• **Data**
____________________

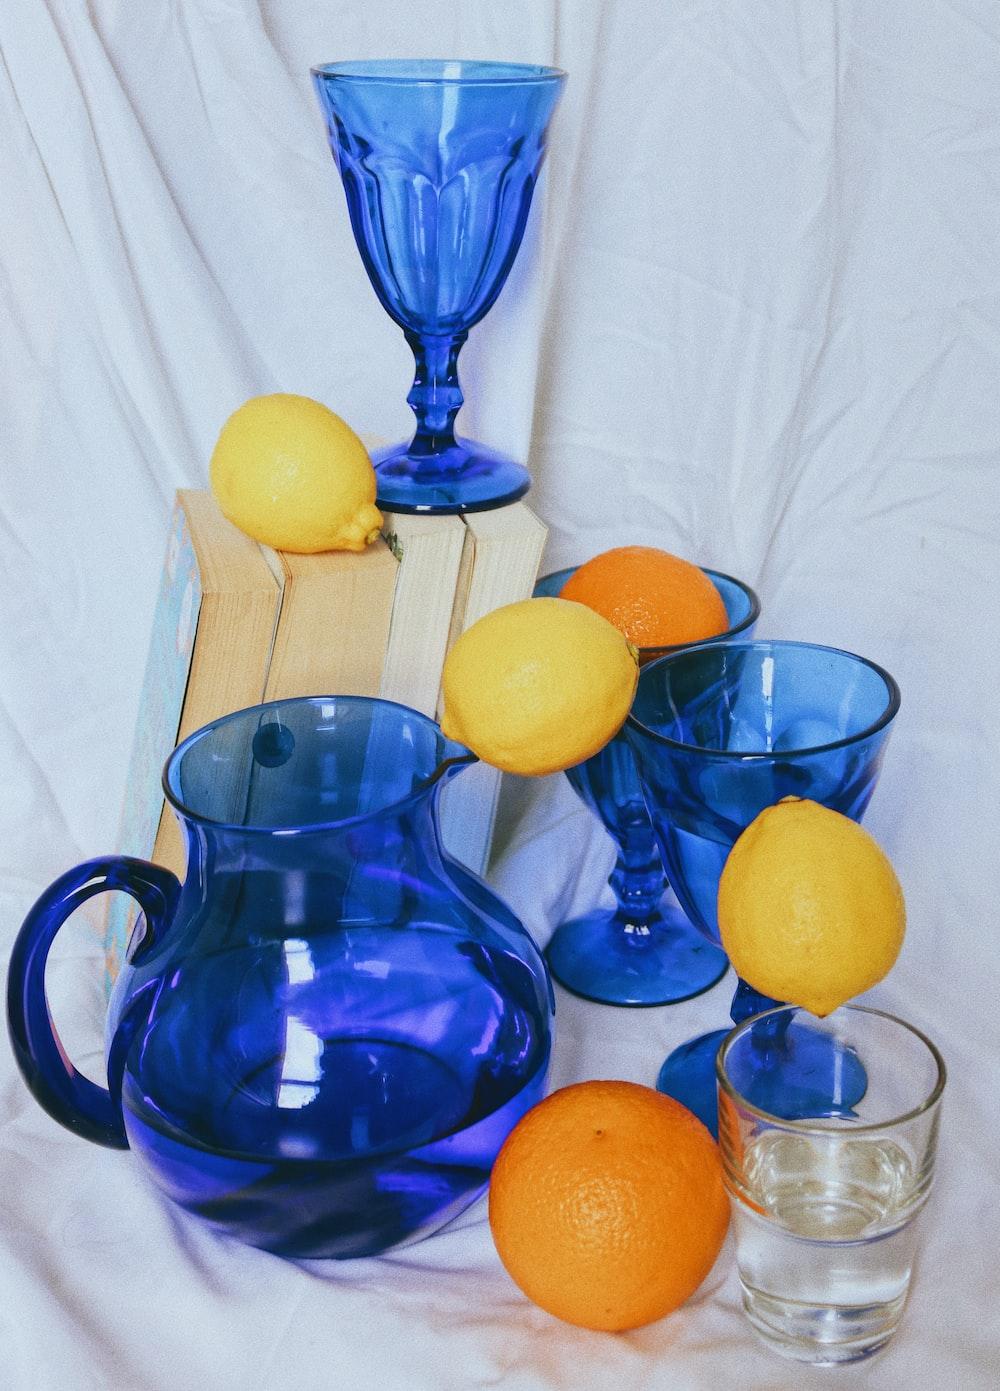 blue glass pitcher with lemon fruits
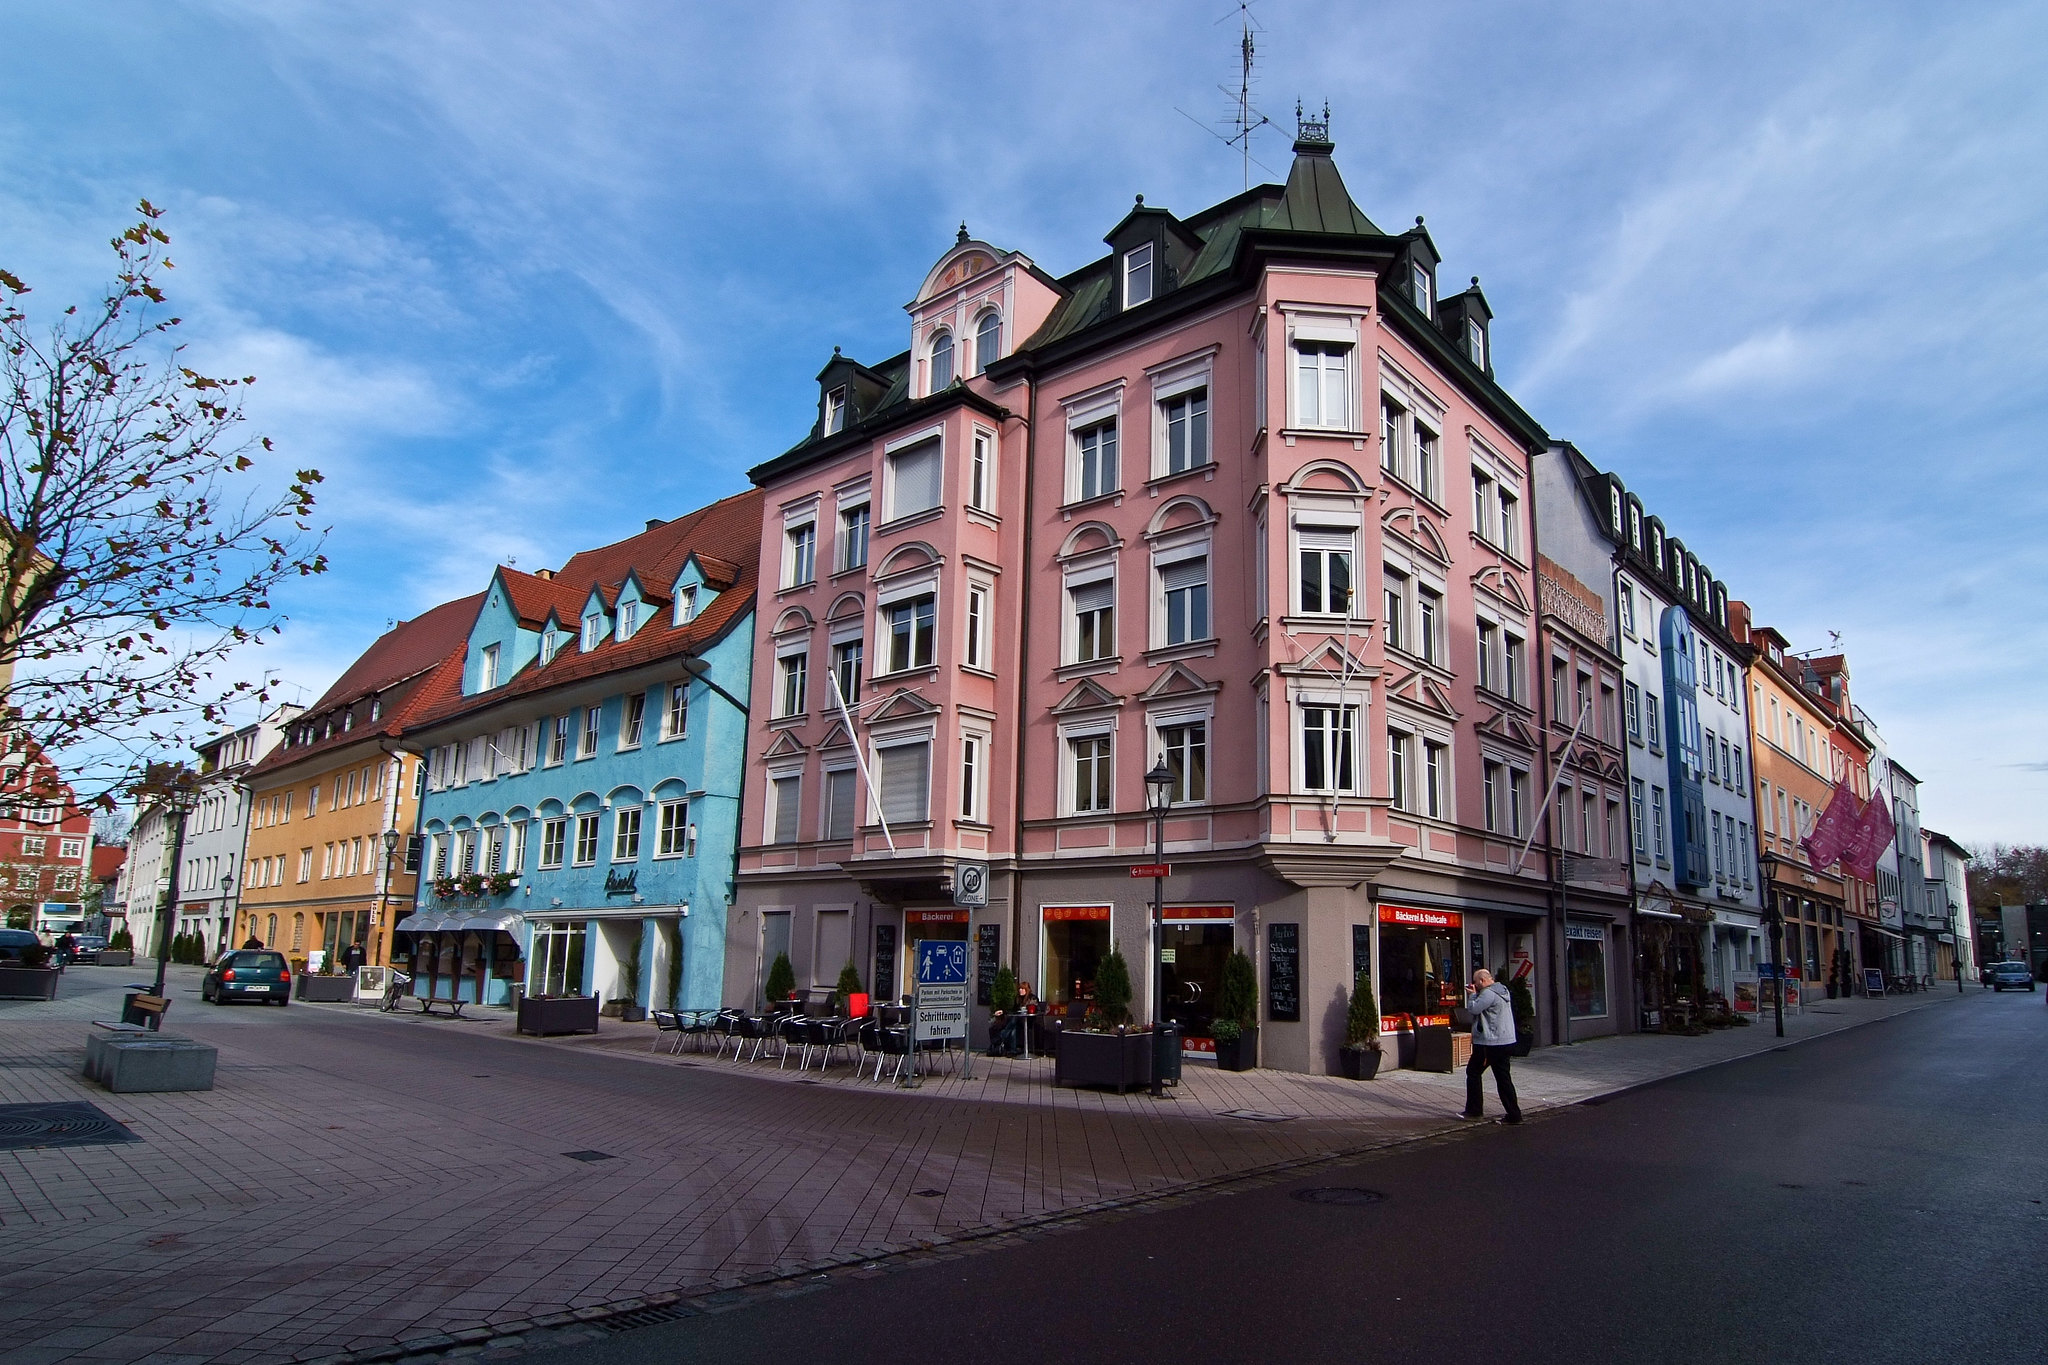 Weekend in Memmingen, Germany
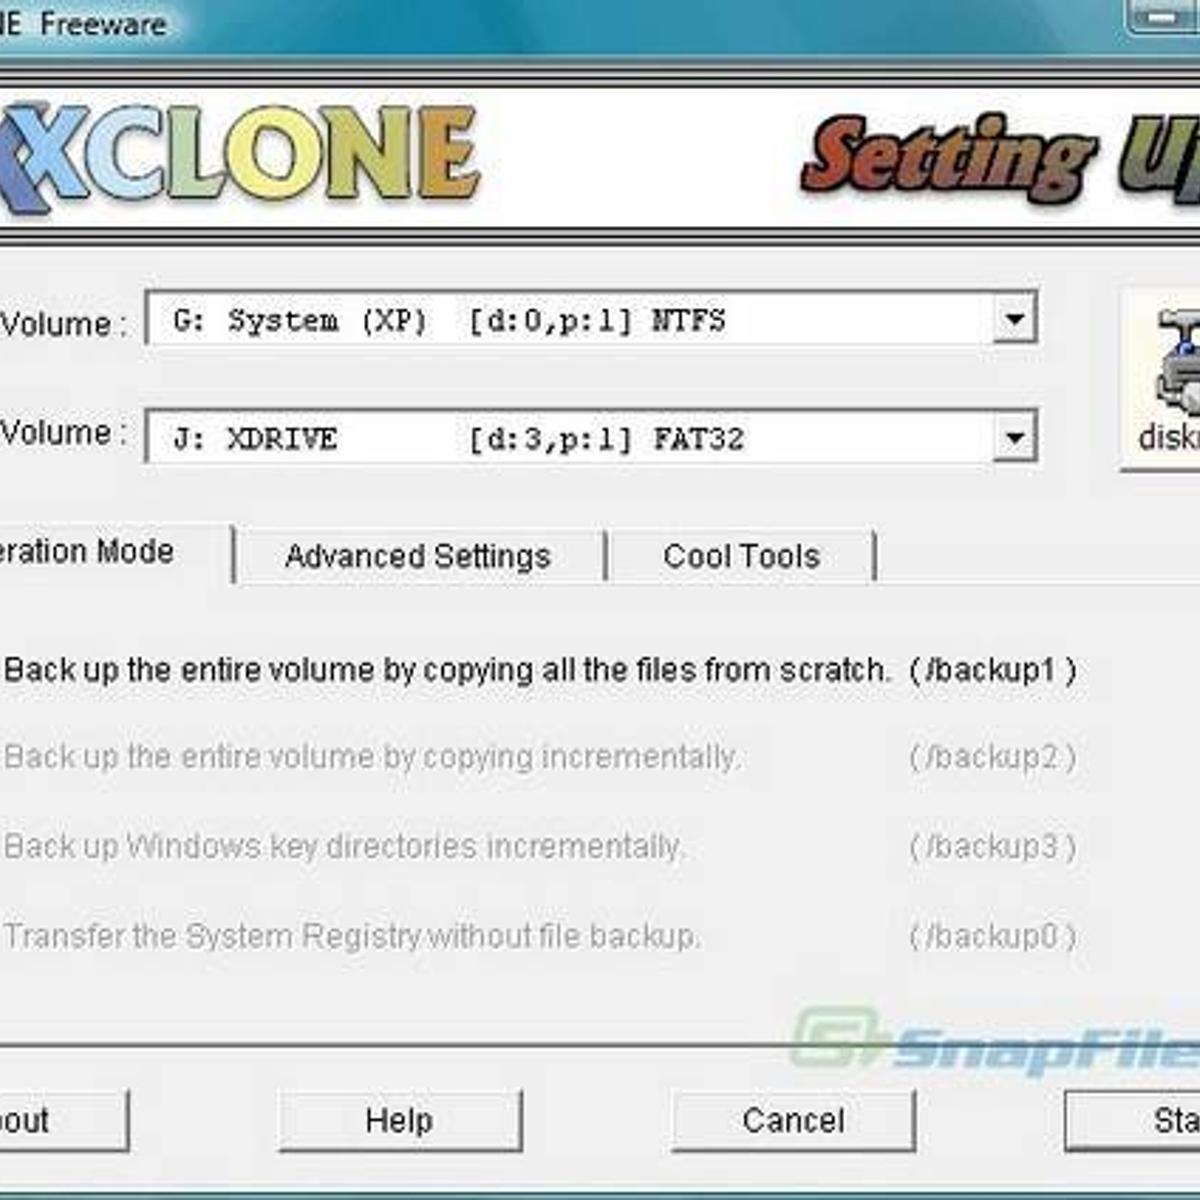 xxclone pro edition
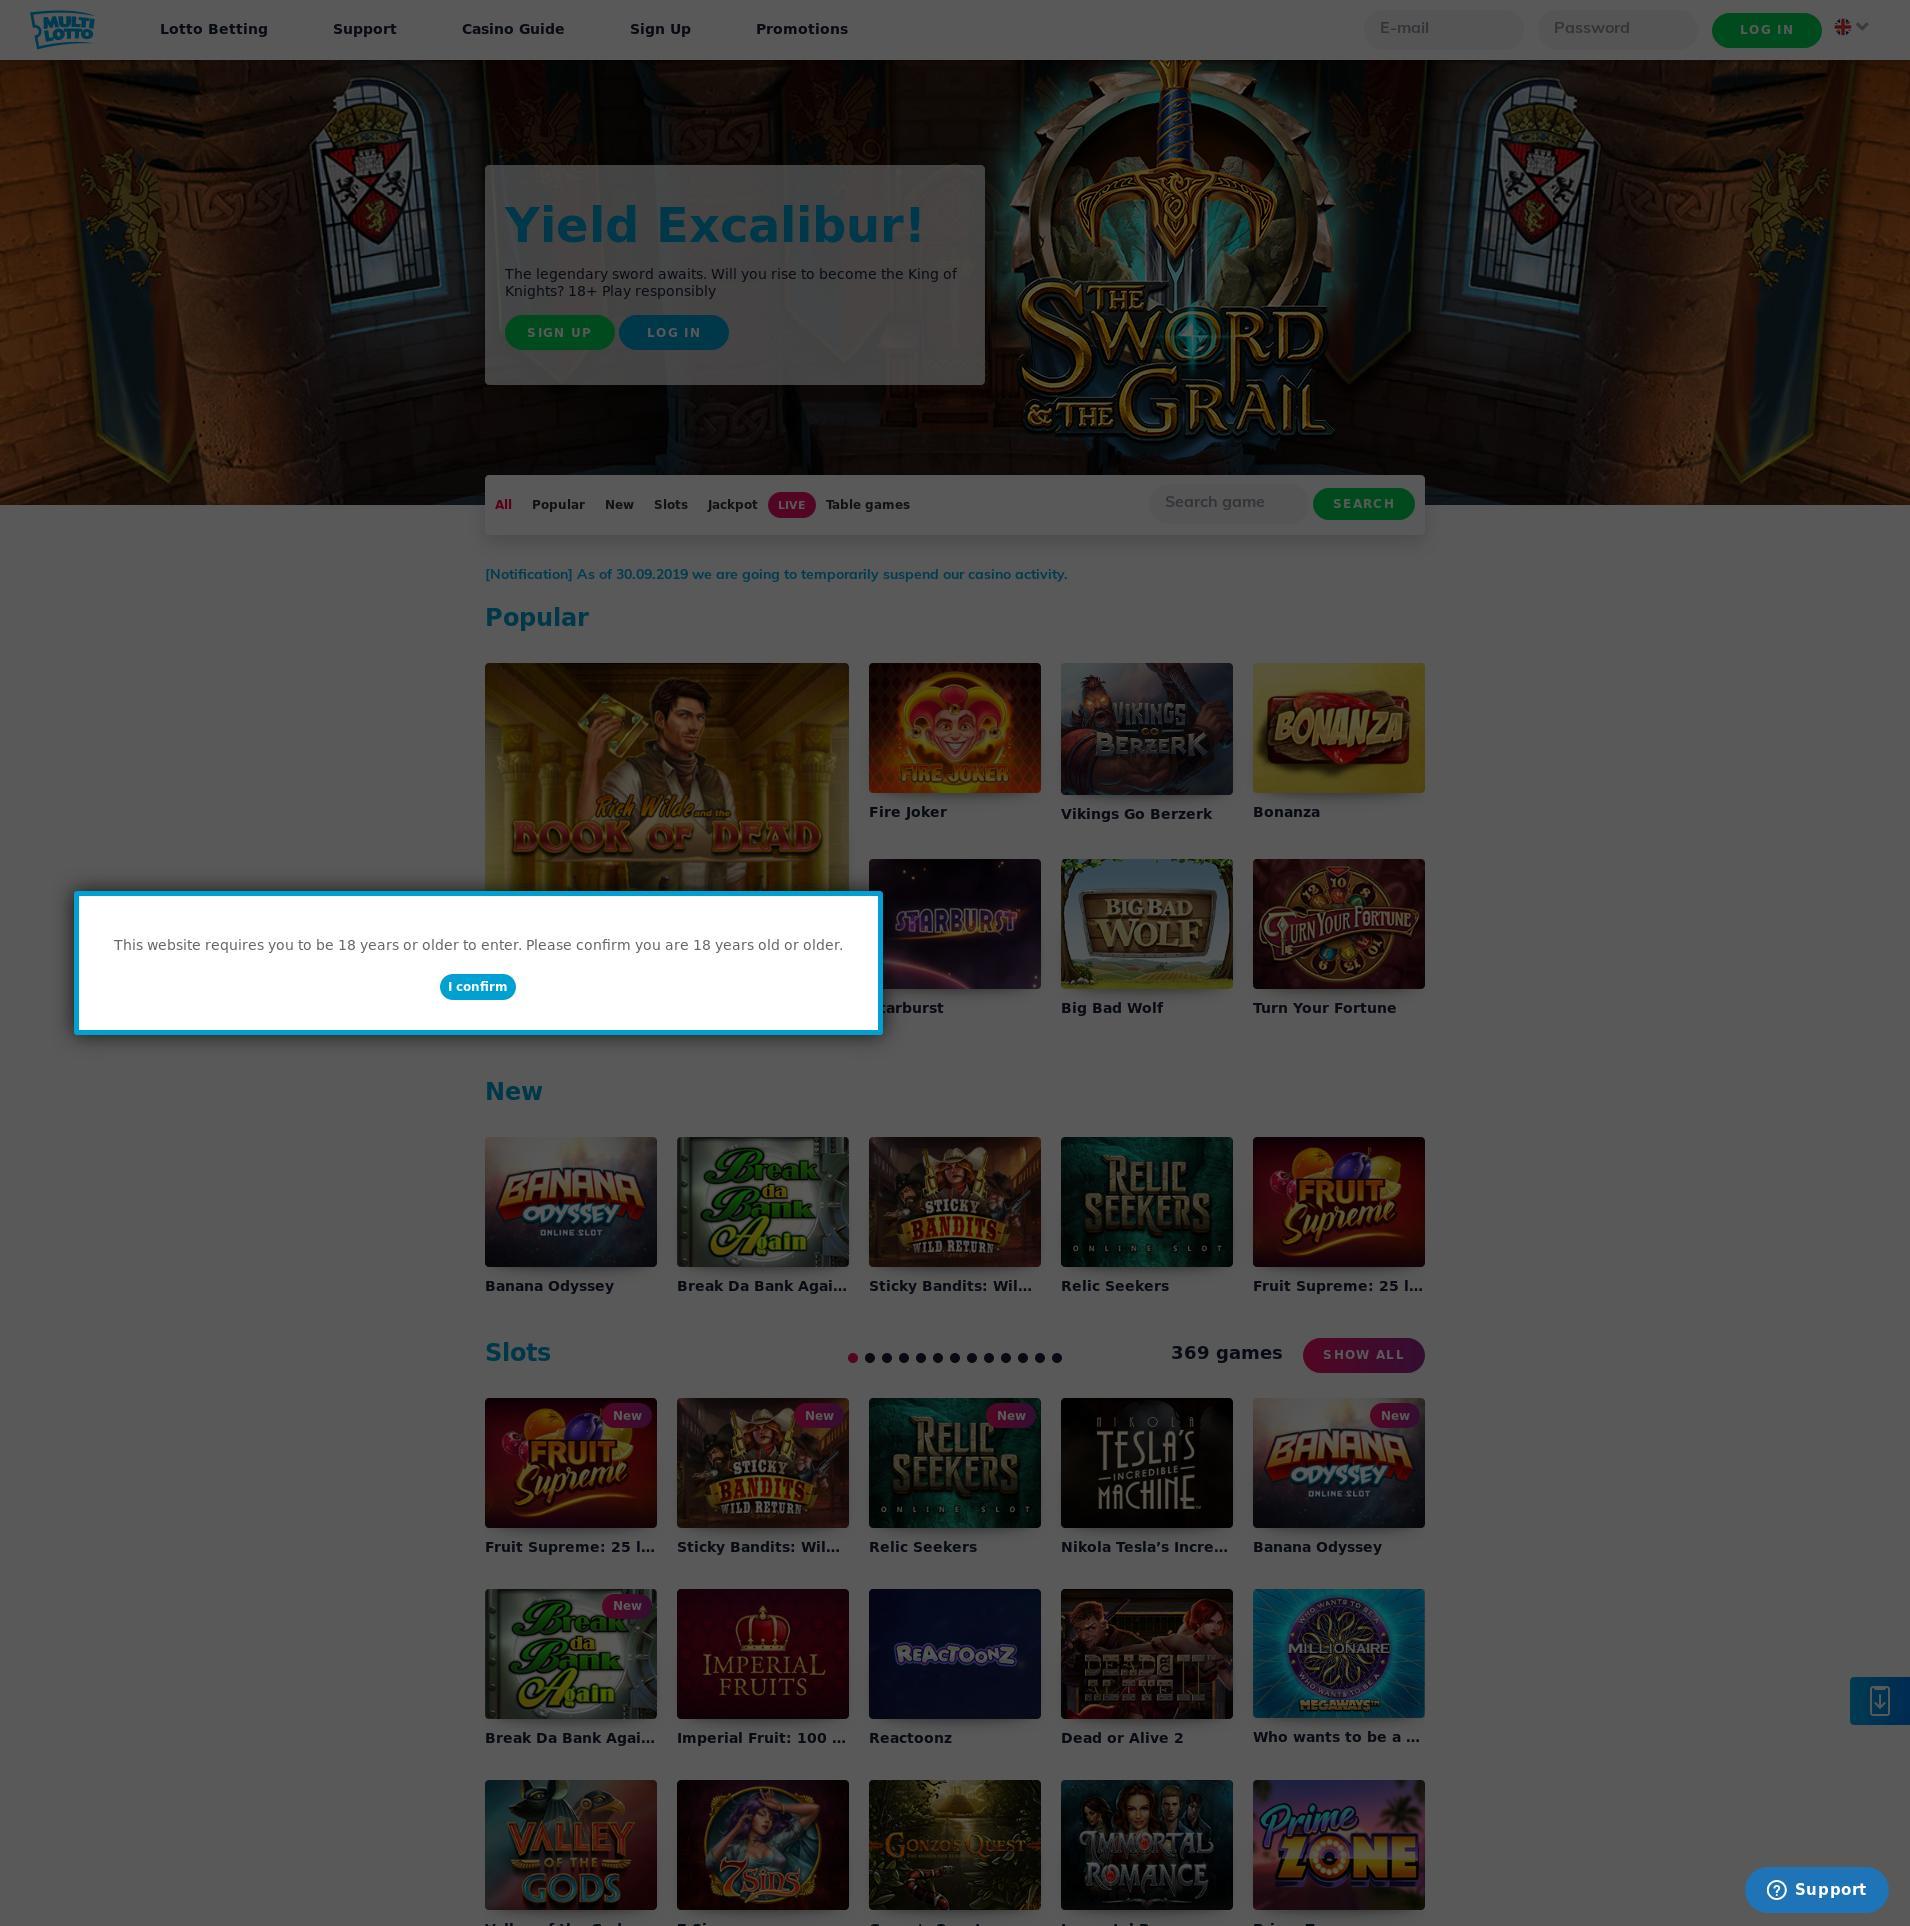 Casino screen Lobby 2019-10-20 for United Kingdom

____________________

Your task is to quote exactly the lines from the one with "xxclone pro edition" through the end of the material, both included, without reproducing any pictures.

• **Final answer**
 xxclone pro edition
 Casino screen Lobby 2019-10-20 for United Kingdom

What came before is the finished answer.